3. Being sluggish and less active

When under extreme stress, your bearded dragon may be less active, lack energy, sleep more, look tired, or stay in one place for along time. Before assuming it is stress, check and rule out issues shedding, illnesses, nesting, or low enclosure temperatures as they can make this lizard less active.

Once you determine that the most likely reason why your pet is less active is them being under stress, go through the various possible causes to know which particular one is to blame.

4. Presence of stress marks and a darker coloration

Bearded dragons do change their colors, i.e., they may turning black (darker) or white (paler) or changing their beard color and so on as a means of thermoregulation, communication, and camouflage. It also occurs as they grow or during shedding.

Stress marks on bearded dragon
Stress marks

Similarly, when under stress, they develop ‘stress marks’ which will appear on their chin and underbellies. These markings are an evident sign. Usually, they will be more visible in the morning and may disappear as the day progresses.

Besides these marks, their color may be darker than usual, primarily when it is not related to shedding, thermoregulation, communication, or camouflage.

5. Routine changes – not basking or hiding

Some of these pets respond to stressing situations by changing their usual activity, such as not basking or hiding more.
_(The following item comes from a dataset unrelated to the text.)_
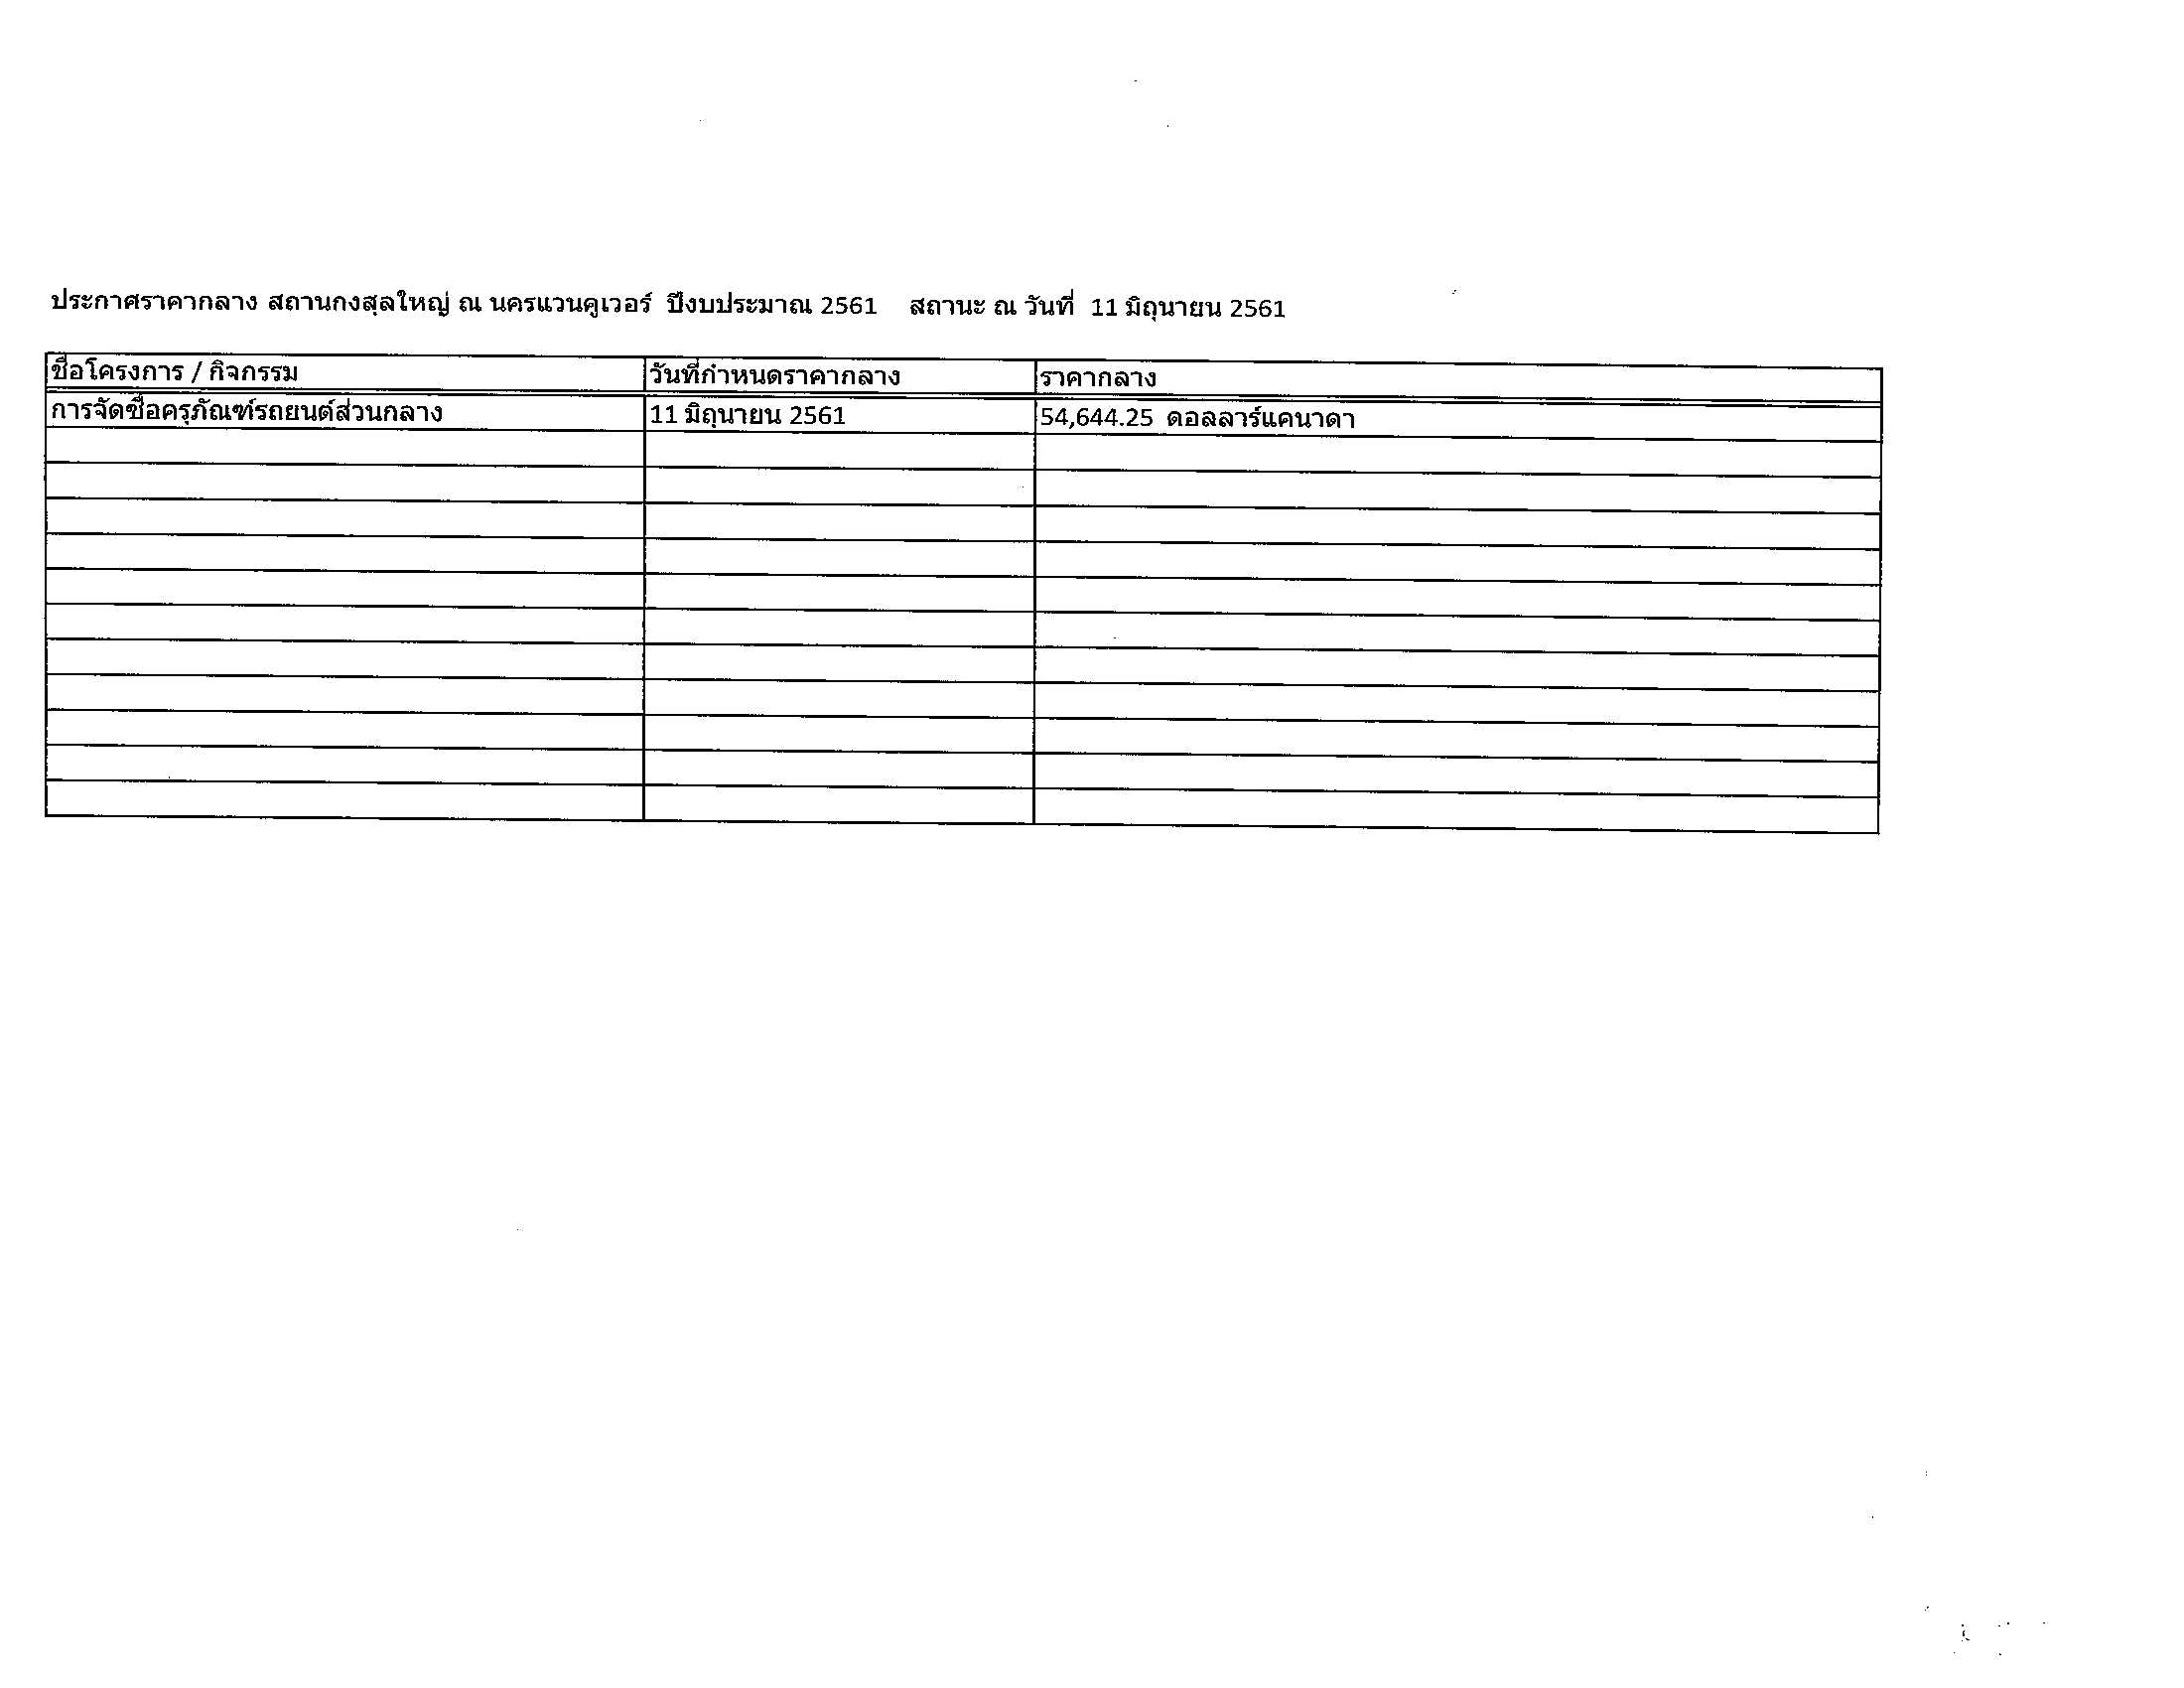 ประกาศราคากลาง สถานกงสุลใหญ่ ณ นครแวนคูเวอร์ ปีงบประมาณ 2561 สถานะ ณ วันที่ 11 มิถุนายน 2561

While these may be an indication of brumation, shedding, or being sick, it may also indicate intense stress.

6. Aggressiveness

While this pet has a mellow temperament, stress, illnesses, and other things may make them aggressive. When this happens, they will refuse to be handle, show their beard, and so on.

Stress management

Stress is one thing that will make your bearded dragon’s health and immunity to deteriorate swiftly, making make them vulnerable to illness and parasites. Therefore, this is a need to promptly fix anything that causes it as well as calm this pet down.

Solutions will involve a vet check to ensure your beardie doesn’t have parasites or illnesses as they could be a reason.

Secondly, to break their boredom, enrich their tank with décor, or furniture, and toys like climbing branches, hammocks, digging boxes, and so on.

Furthermore, since hiding is one of the ways to reduce stress, don’t forget to have a hiding place where these pets can be alone. They need some privacy.

Also, buy the right size of a tank and place it in areas with minimal interruption, noise, and where they don’t see other beardies or pets. Additionally, set its conditions well, i.e., set their optimum terrarium conditions as follows:

  • Maintain humidity at 30-40%. You need proper ventilation, particularly with a good terrarium cover and an accurate thermometer, such as a digital one.
  • Ensure the basking side has a temperature of 100 -110 °F or 95 -100 °F for babies and hatchling. The cooler side should be 75-90°F while night temperature should be 65 °F and 75°F and never below 60°F. Get heat lamps.
  • Also, invest in the right UV light bulb that provides 10-12% UVB light such as Exo Terra Repti-Glo 10.0 Compact Fluorescent or the tube lamp if you have a large tank and replace it as advised by manufacturers since UV emission declines with time.
  • Both UV light and heat should be available for about 12-14 hours each day unless they are brumating.

Also, you need to ensure you feed your bearded dragon correctly, depending on their age. Their typical nourishment includes live feeder insects, veggies, and safe plants with occasional fruit treats. Don’t forget to gut load feeder insects and dust their food with calcium, vitamin D3, and other multivitamins.

Finally, even if they seem not to have issues with handling, minimize handling as much as possible, maintain a regular feeding as well as day and night cycle with the help of a reptile timer like Zilla Reptile Habitat Lighting & Terrarium Heat Power Center, and maintain proper sanitation.